** Task objective **
Repeat the listing exactly. Pictures stay out of your copy.

** Source data **

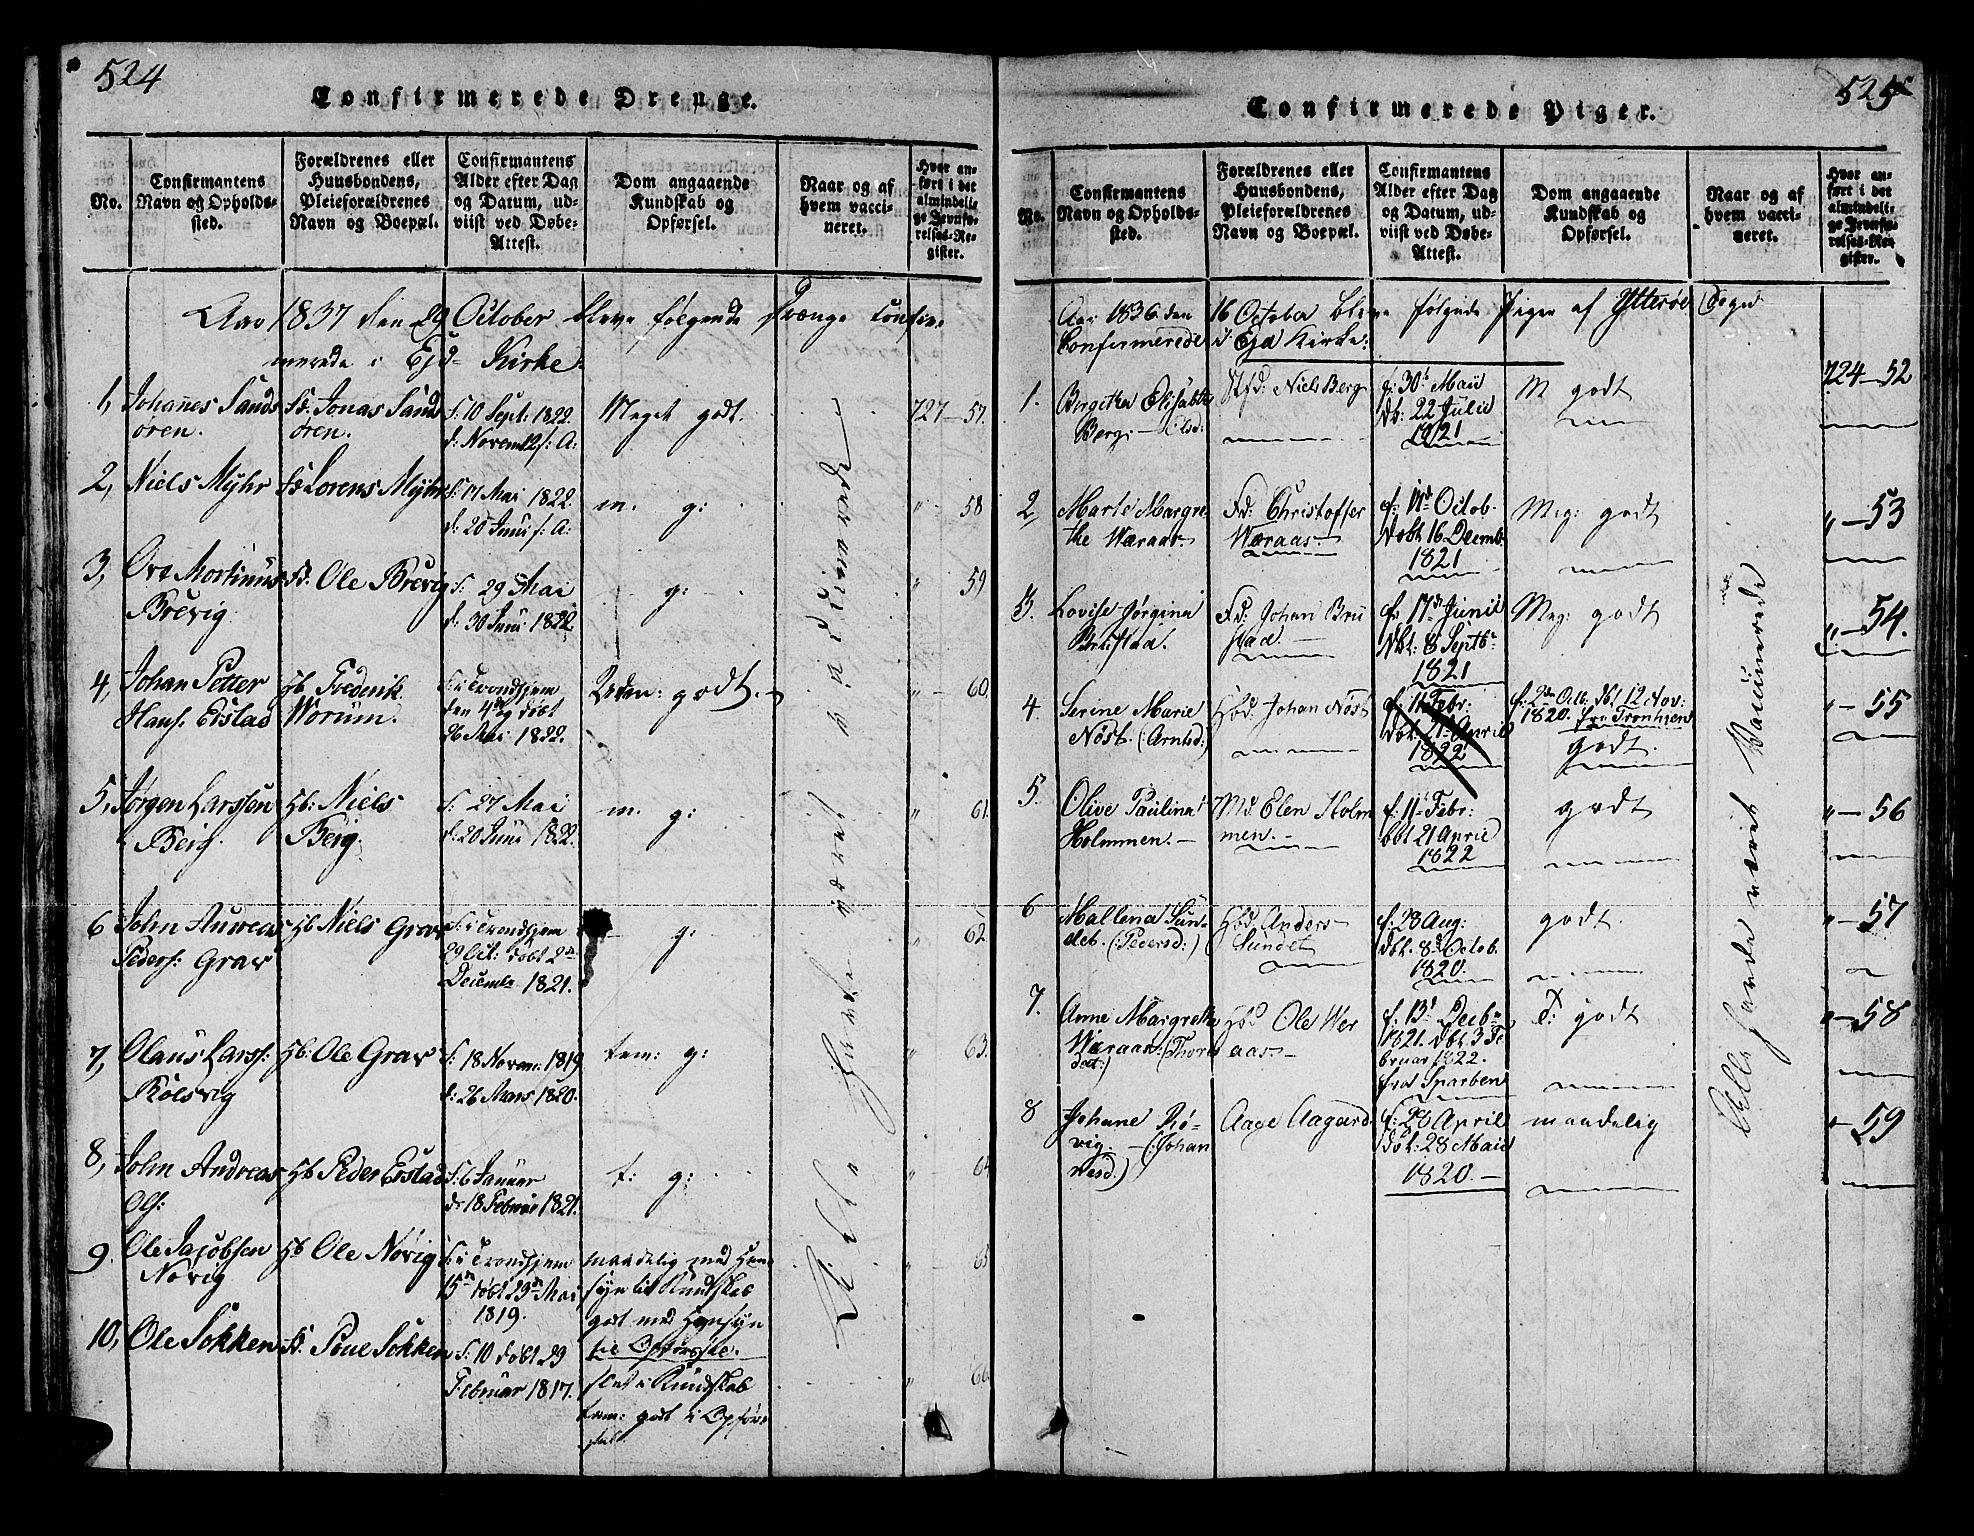 SAT, Ministerialprotokoller, klokkerbøker og fødselsregistre - Nord-Trøndelag, 722/L0217: Ministerialbok nr. 722A04, 1817-1842, s. 524-525
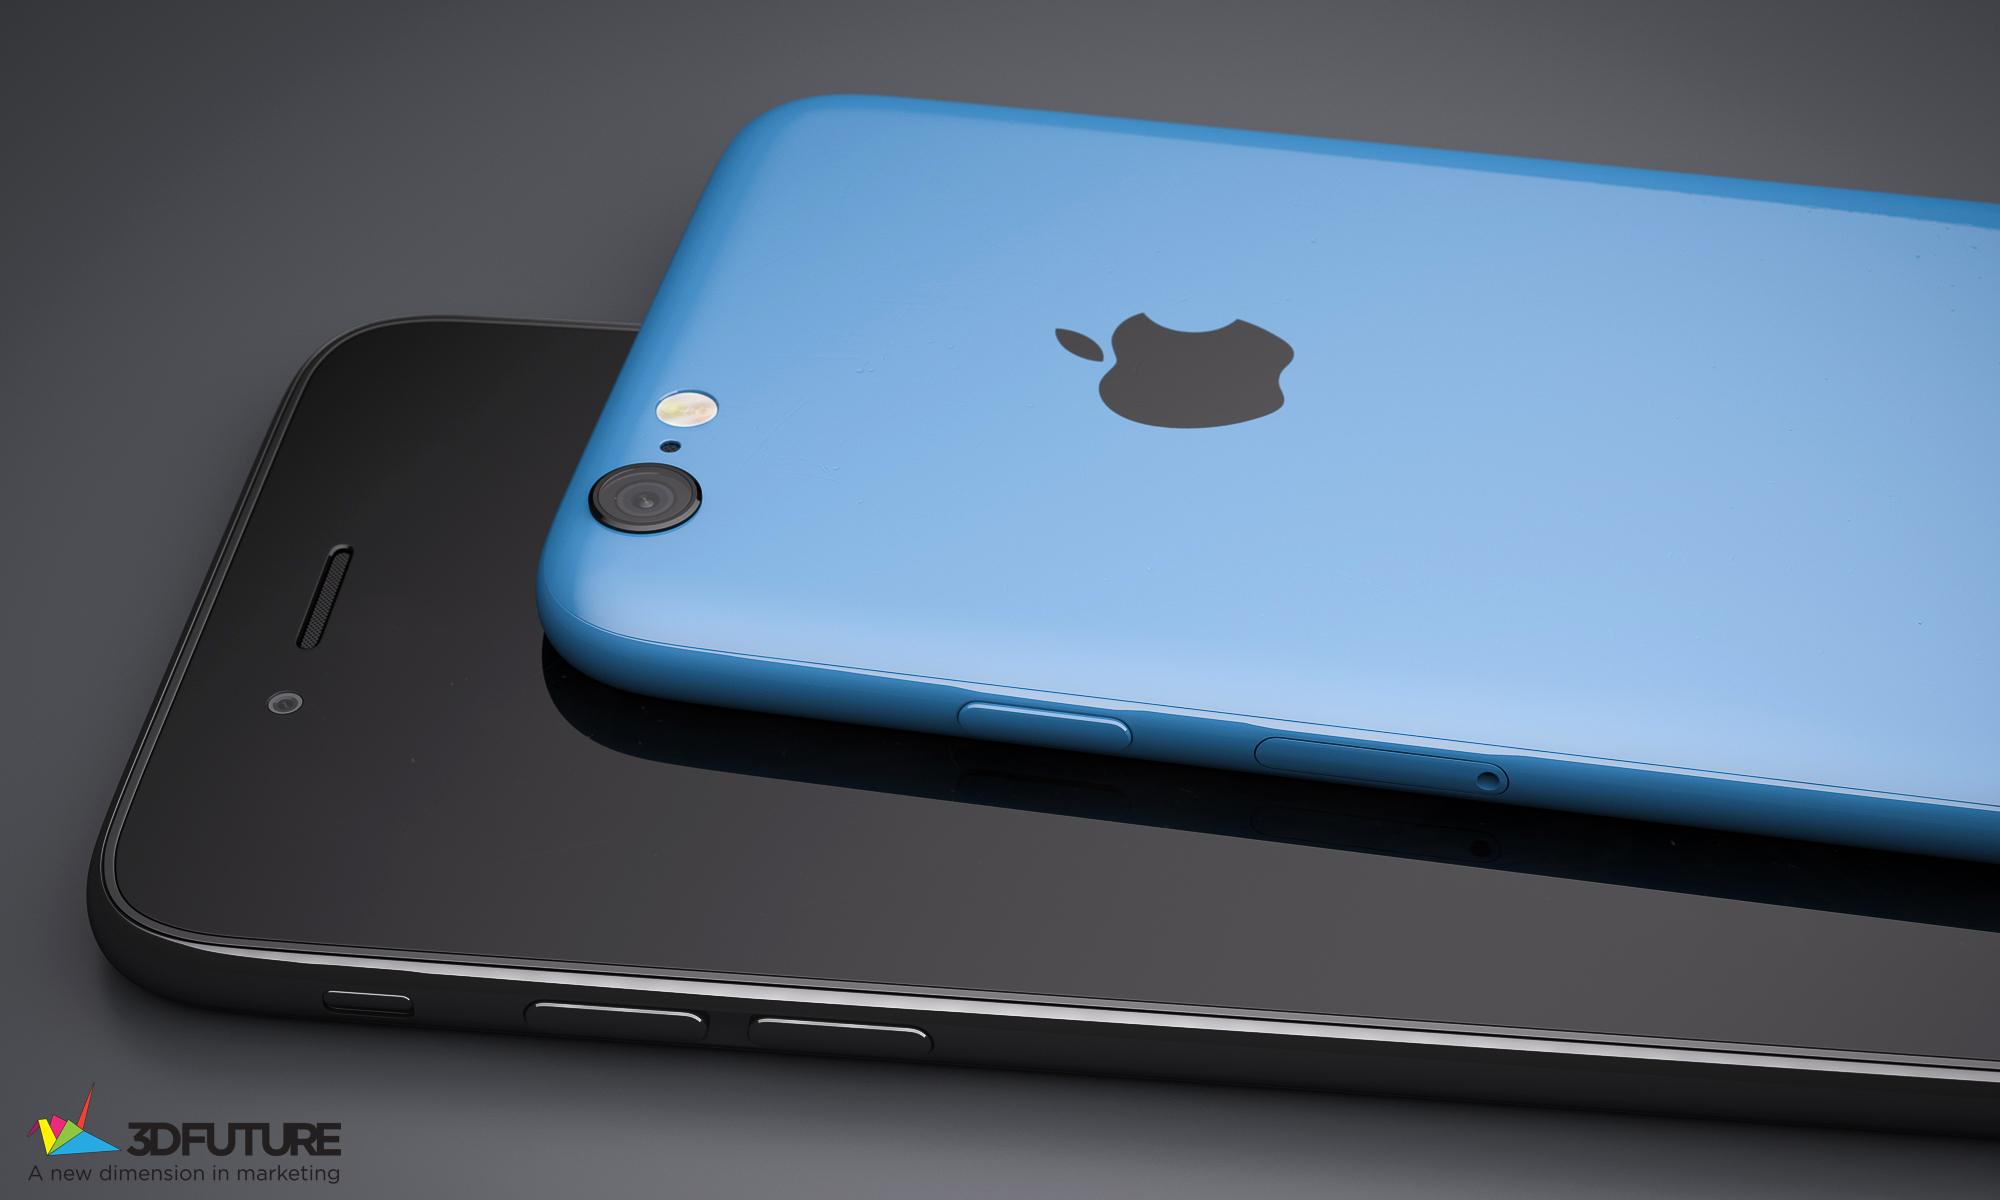 iPhone-6c-concept-renders-2
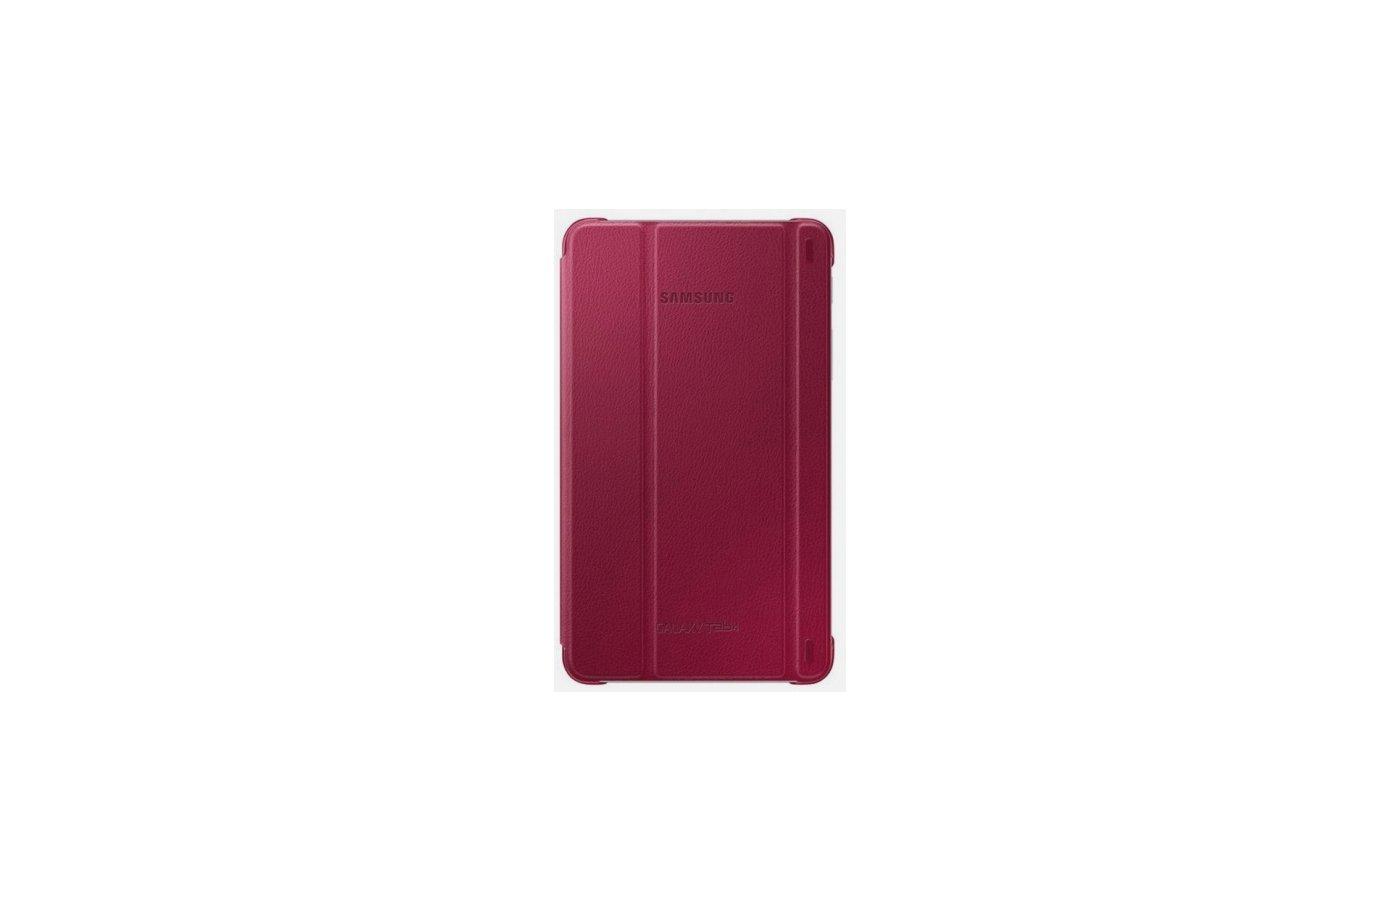 """Чехол для планшетного ПК Samsung для Galaxy Tab 4 7"""" (EF-BT230BPEGRU) SM-T23х красный"""

** Solution below **
 SAT, Ministerialprotokoller, klokkerbøker og fødselsregistre - Nord-Trøndelag, 722/L0217: Ministerialbok nr. 722A04, 1817-1842, s. 524-525
 iPhone-6c-concept-renders-2
 """Чехол для планшетного ПК Samsung для Galaxy Tab 4 7"""" (EF-BT230BPEGRU) SM-T23х красный"""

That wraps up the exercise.